Green’s Dictionary of Slang

floor n.

SE in slang uses

In compounds

floor boy (n.) [one who stays, fig, at ground level]

(US black) a boring individual, one who does not get high adj.1

Chief Keef ‘Hate Bein’ Sober’ 🎵 On my tour bus we get dumb high you’s a floor boy.
floor-flapper (n.)

(Aus.) a floor-walker in a large store.

[Aus]Referee (Sydney) 12 Sept. 9/2: A highly proper and pompous party who [...] acts as shopwalker— or floor-flapper, as the vulgar term it.

In phrases

go to the floor (with) (v.)

(US) to attack physically.

[US]Anaconda Standard (MT) 10 Apr. 8/7: You fellows come along and see me give him his trimmings. [...] I’m going to the floor with him right now.
on the floor

1. drunk.

[UK]Sporting Times 12 May 2/1: Twenty-four hours after the first-named had ridden Leamington to victory, the two were ‘on the floor,’ stretched senseless on the sward.

2. beaten.

[UK]R. Westerby Wide Boys Never Work (1938) 202: It’s licked you, Jim. You’re on the floor.

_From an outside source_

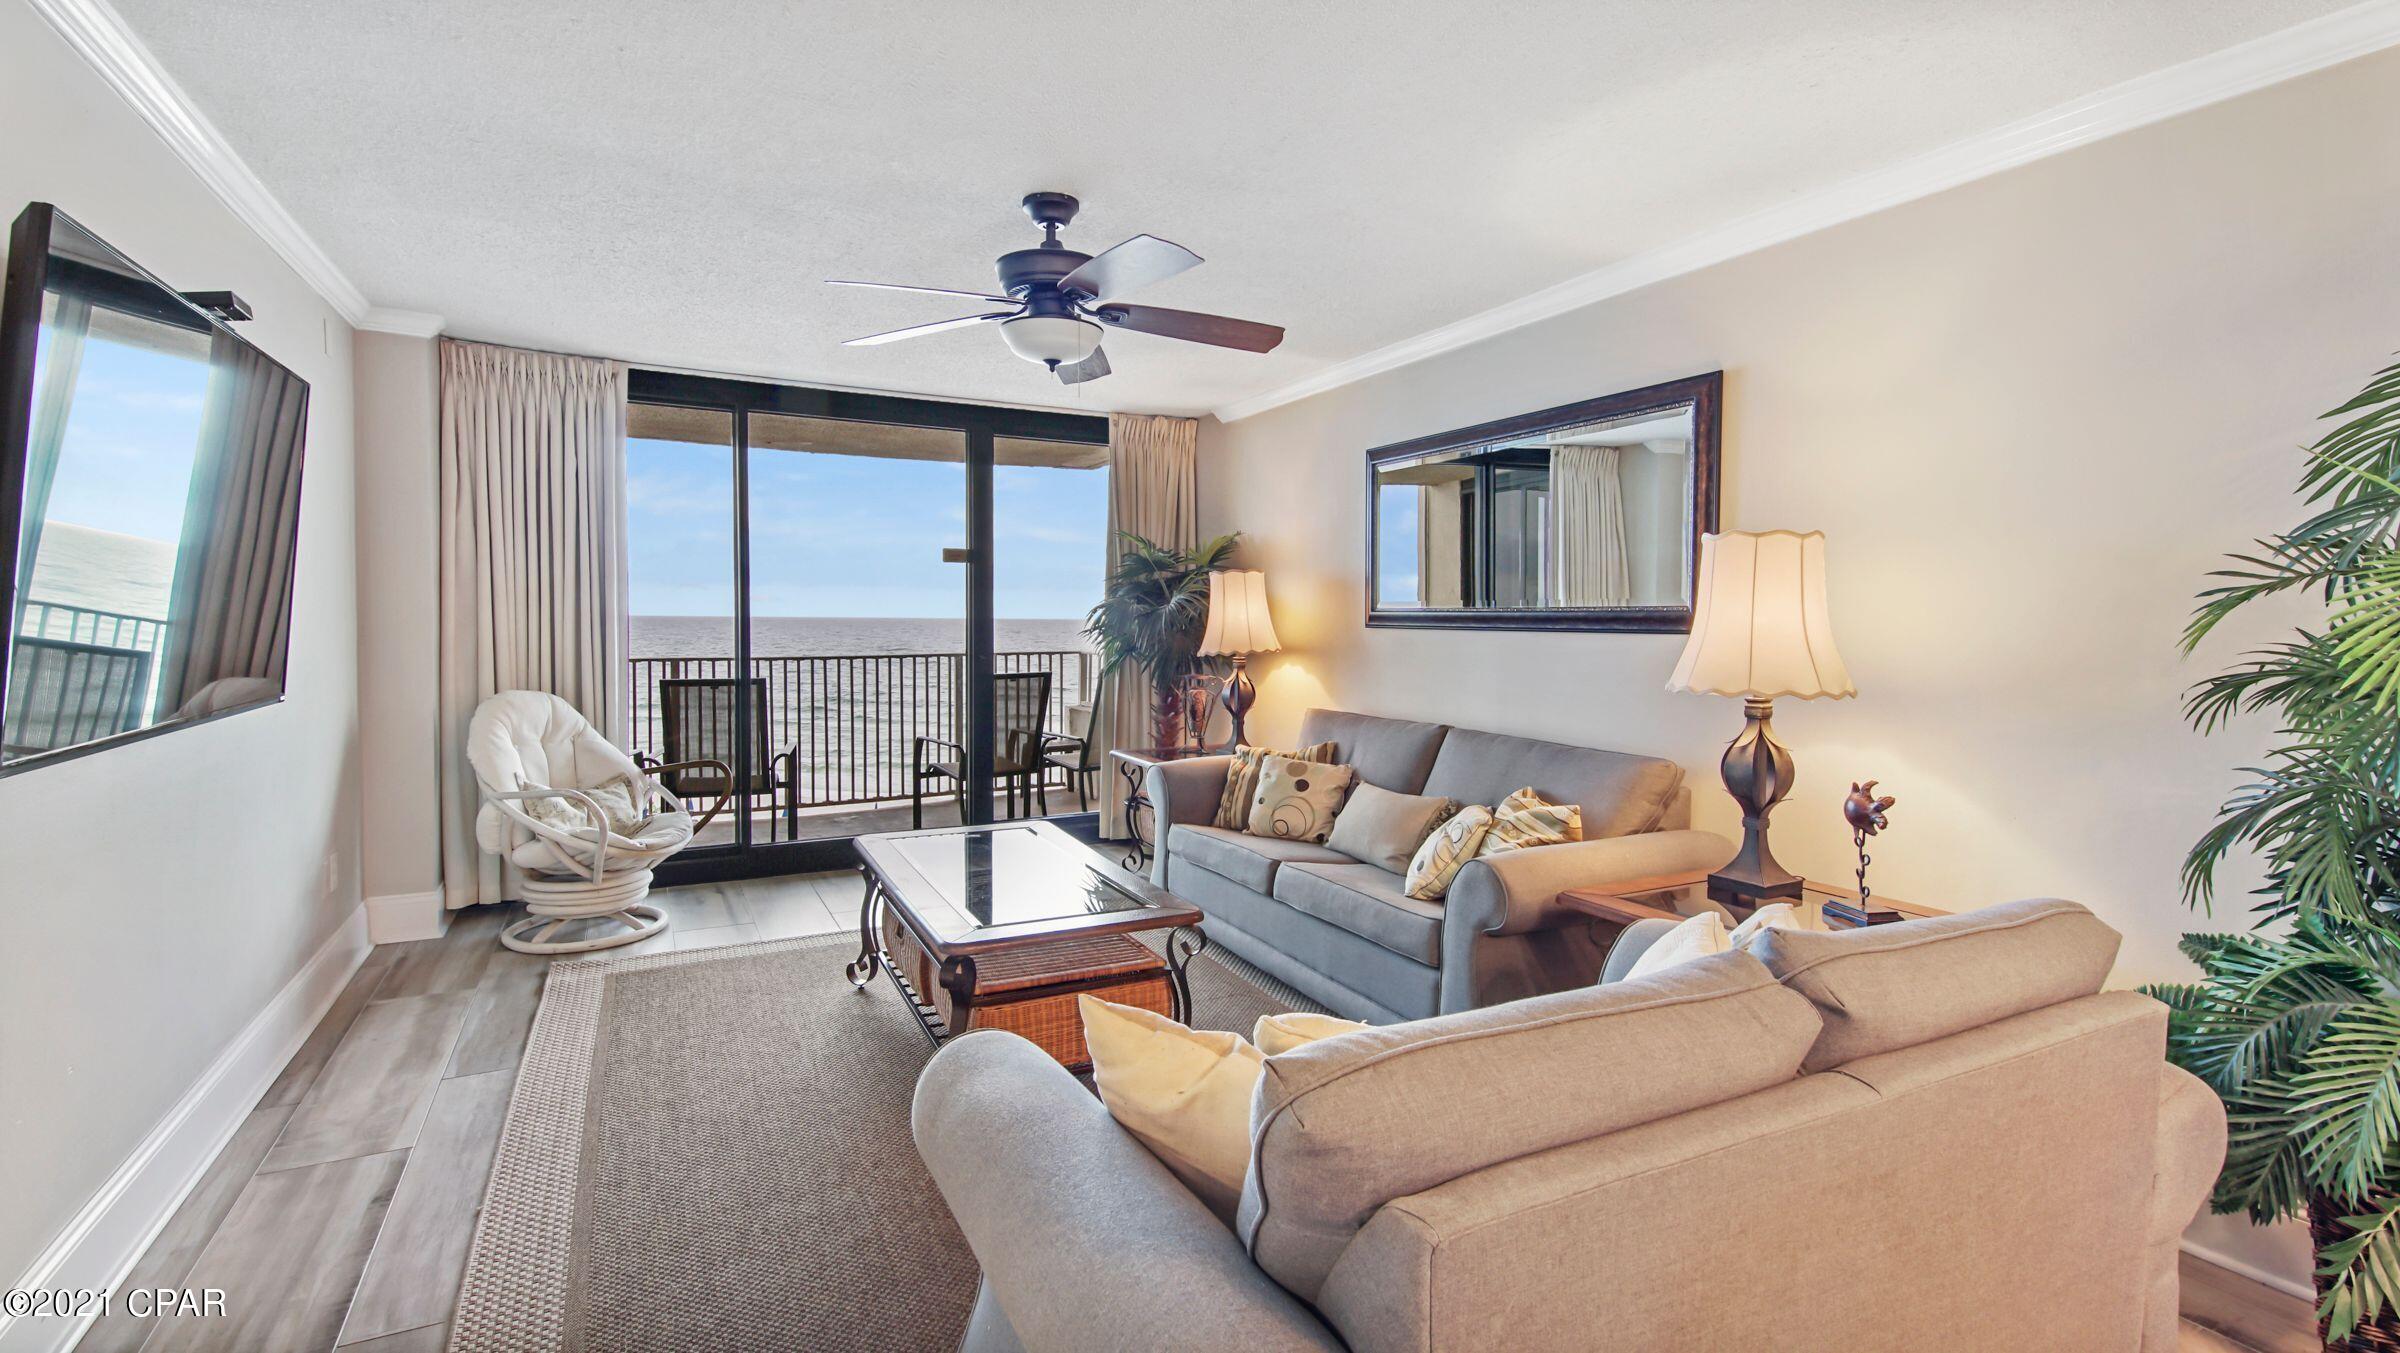 A 2 Bedroom 2 Bedroom Dunes Of Panama Phase I Condominium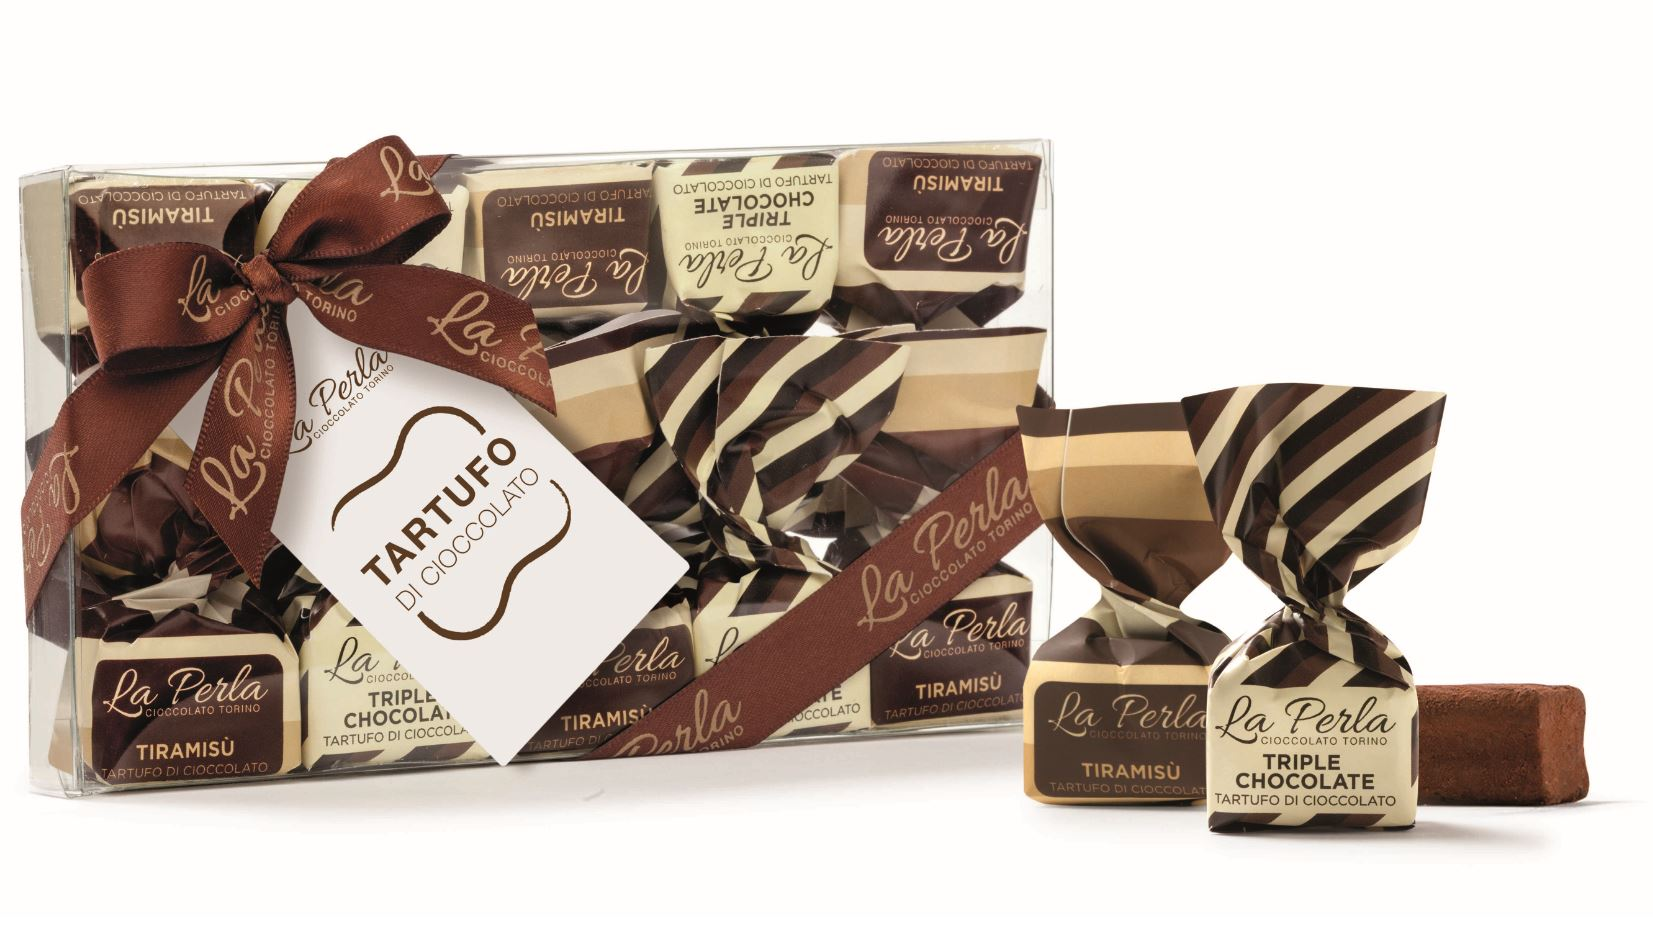 La Perla Tiramisu and Triple Chocolate Truffles 150g

3. poor; thus also as n. in cit. 2002 [rhy. sl.].

[UK]E. Pugh Cockney At Home 162: Whereas if I answered you, ‘On the floor!’ an’ pulled a face like a farden kite, you’d all ha’ groaned in symperfy.
[UK]G. Kersh Night and the City 61: If you’re on the floor, come to me and you’re always sure of a ten-pound note.
[UK]R. Llewellyn None But the Lonely Heart 104: ‘I’m on the floor,’ he says. ‘Out of work.’.
[UK]‘Charles Raven’ Und. Nights 168: You told me yourself the geezer was on the floor.
[UK]F. Norman Guntz 214: He was dead skint and on the floor.
[UK]J. Jones Rhy. Cockney Sl.
[UK](con. 1930s) Barltrop & Wolveridge Muvver Tongue 18: A hard-up person is [...] ‘on the floor’.
[UK] in R. Graef Living Dangerously 110: If it weren’t for his parents he’d be on the floor.
[UK]M. Coles More Bible in Cockney 13: I’m gonna bring some great news for all the on-the-floor.
stick to the floor without holding on (v.) (also lie on the floor...)

to be (very) drunk.

[US]M.L. Weems Drunkard’s Looking Glass (1929) 60: The drunkard’s looking glass, reflecting a faithful likeness of the drunkard, in sundry very interesting attitudes, [...] as first, when he has only ‘a drop in his eye;’ second, when he is ‘half shaved;’ third, when he is getting ‘a little on the staggers or so;’ and fourth, and fifth, and so on, till he is ‘quite capsized;’ or ‘snug under the table with the dogs,’ and can ‘stick to the floor without holding on.’.
[UK]Sportsman (London) ‘Notes on News’ 8 July 4/1: [A] poor fellow who was simply ‘happy’ — one who, in his own opinion, is not drunk until he cannot lie on his back comfortably without holding on to something.
take the floor (v.)

(boxing) to be knocked down and stay down to use up time.

[UK]Mirror of Life 10/2: Baker being vastly the better man, Peters taking the ‘flure’ and keeping there till the allotted seconds had expired.